Abstract

Polarized light carries information about the various physical parameters that have been acting upon it. Obtaining information on the observed object by studying the polarization of light reflected can be accomplished by several methods. The four Stokes parameters of the reflected light wave ($S_0$, $S_1$, $S_2$, and $S_3$) are generally estimated by observing the scene, with a CCD sensor, through a polarimeter. This device relies on acquisition of multiple frames relative to an adjustment parameter of the optical components: positioning angle or optical delay. In real-time applications, the polarimeter often uses liquid-crystal components. The adjustment retardation parameter is then controlled by an electric voltage.
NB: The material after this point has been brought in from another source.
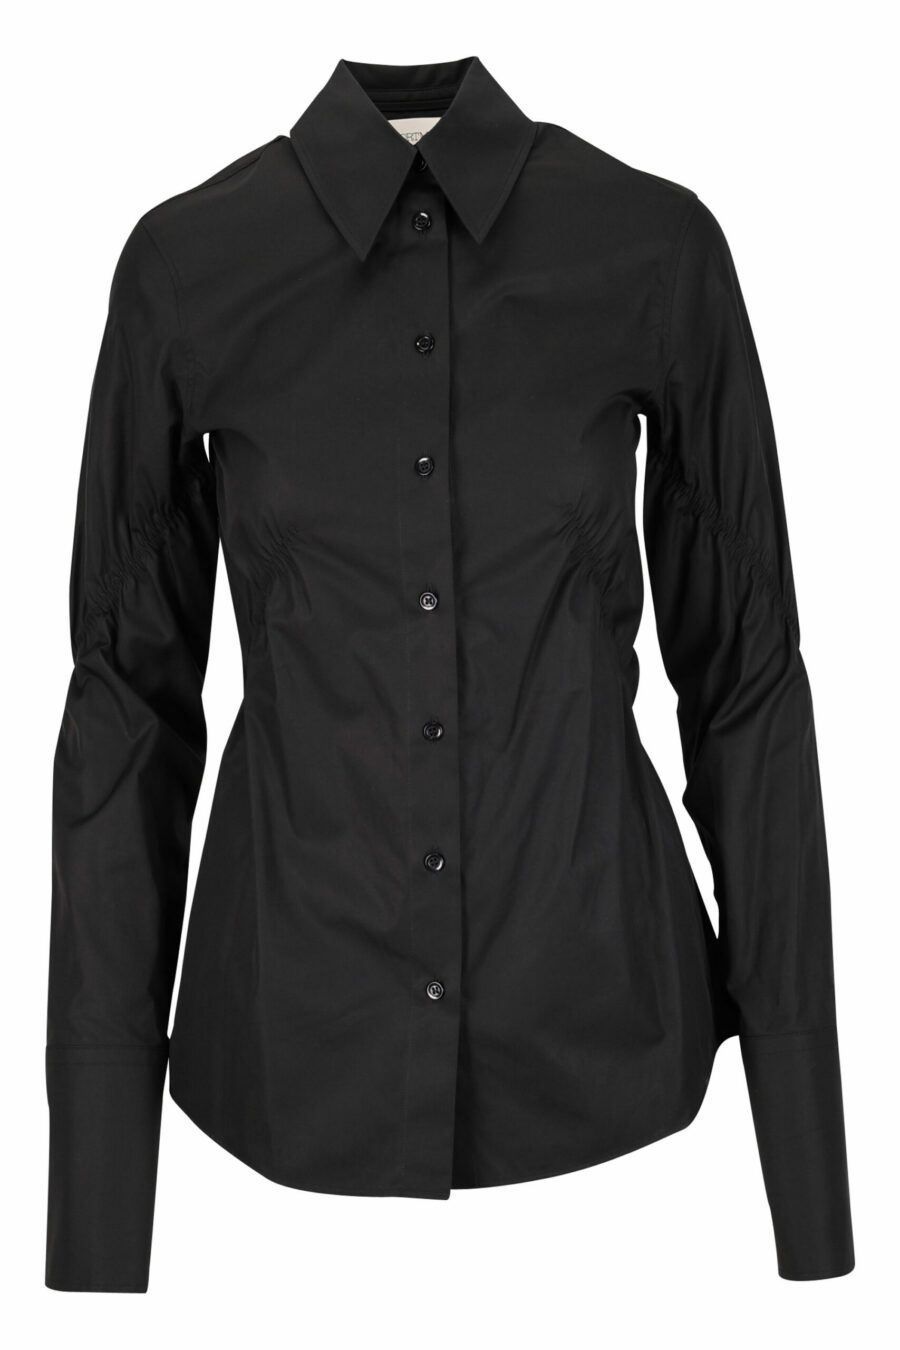 Camisa negra de algodón - 21110241060032 scaled

However, the retardation introduced by a liquid-crystal variable retarder (LCVR) is strongly dependent on temperature. One solution is to hold constant the LCVR temperature by using a thermostated environment, but this is not always possible (power consumption in remote sensing, for instance). In J. Opt. A 2, 216 (2000) [CrossRef]  , Bueno has showed that, in this latter case, it is necessary to calibrate the LCVR just before carrying out measurement and to do this again approximately every 10 min. In this article, we propose a robust and accurate solution, based on the self-calibration principle, for measuring the Stokes parameters of partially linearly polarized light. Unlike methods generally reported in the literature, our polarization parameter estimation is independent of the accurate knowledge of the polarimeter variable retardation values and, thus, does not require a calibration process at regular intervals.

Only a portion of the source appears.